The HSS and its stakeholder members are dedicated to joining forces to make this a common practice. They are creating an evidence-based consensus standard to serve as a foundation to manufacturers, architects, engineers, and construction trades in healthcare to balance the specifications needed for healthcare surfaces that are safe and safely able to be cleaned, disinfected, and/or sterilized. The HSS workgroups will collectively provide information to achieve this goal. It will be determined at a future time, what standards-setting organization would provide the best platform for publication and dissemination of such a standard.

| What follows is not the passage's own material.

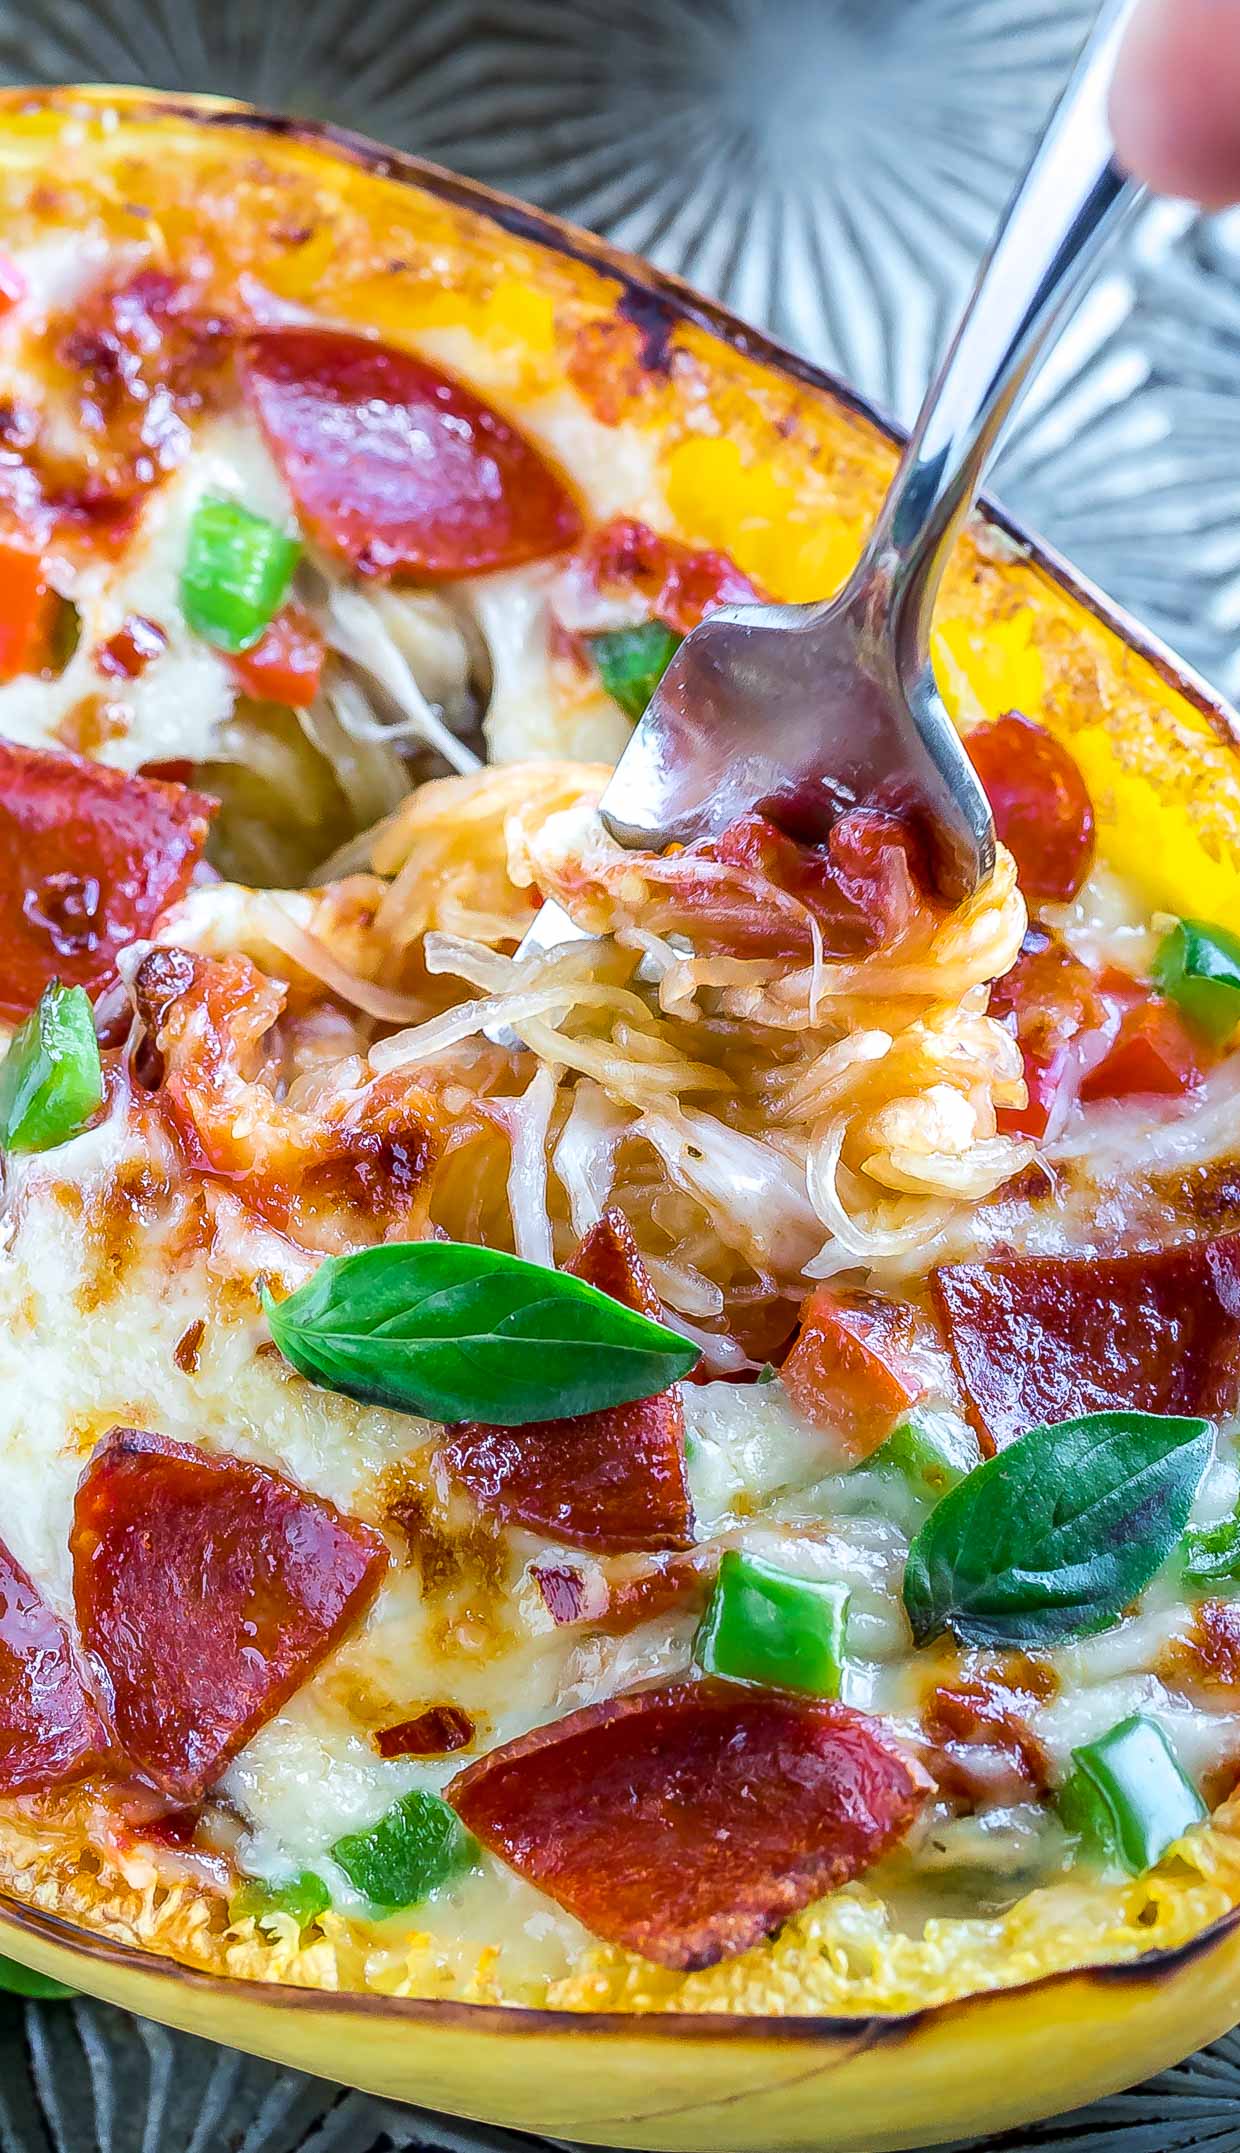 Whip up these Veggie Lover's Spaghetti Squash Pizza Boats for a low-carb + gluten-free pizza night of epic proportions!

Many areas of work that need to be completed and the need for collaboration have been identified. The challenge is bringing people together for discussion and testing and developing a clear understanding of what systems can be put together that provide sustainable solutions. Ultimately, the end goal we all share is reducing risk and mitigating the spread of pathogens that cause infections and illness. A new project for HSS is the development of an incubator. Much like a business incubator that helps new and startup companies develop services, HSS will utilize this concept to develop a testing site.
Working through the Initiative Groups, we will look at all aspects of the problem and test solutions as a system. Manufacturers will have the opportunity to interact with many healthcare professionals to understand what they do and how they operate. They may also gain input from them on innovative new ideas and solutions.
1. CDC. HAI Data and Statistics. https://www.cdc.gov/hai/surveillance/index.html
2. van Vugt, JLA, Coelen RJS, van Dam DW, et al. Surgical Infections. April 2015.
3. Mitchell A, Spencer M, Edmiston C Jr. Role of healthcare apparel and other healthcare textiles in the transmission of pathogens: a review of the literature. J Hosp Infect. 2015 Aug;90(4):285-92.
4. Mahshid Abir, MD, MSc, Jason Goldstick, PhD, Rosalie Malsberger, MS, et al. The Association of Inpatient Occupancy with Hospital-Acquired Clostridium difficile Infection. Journal of Hospital Medicine. Web June 27, 2018.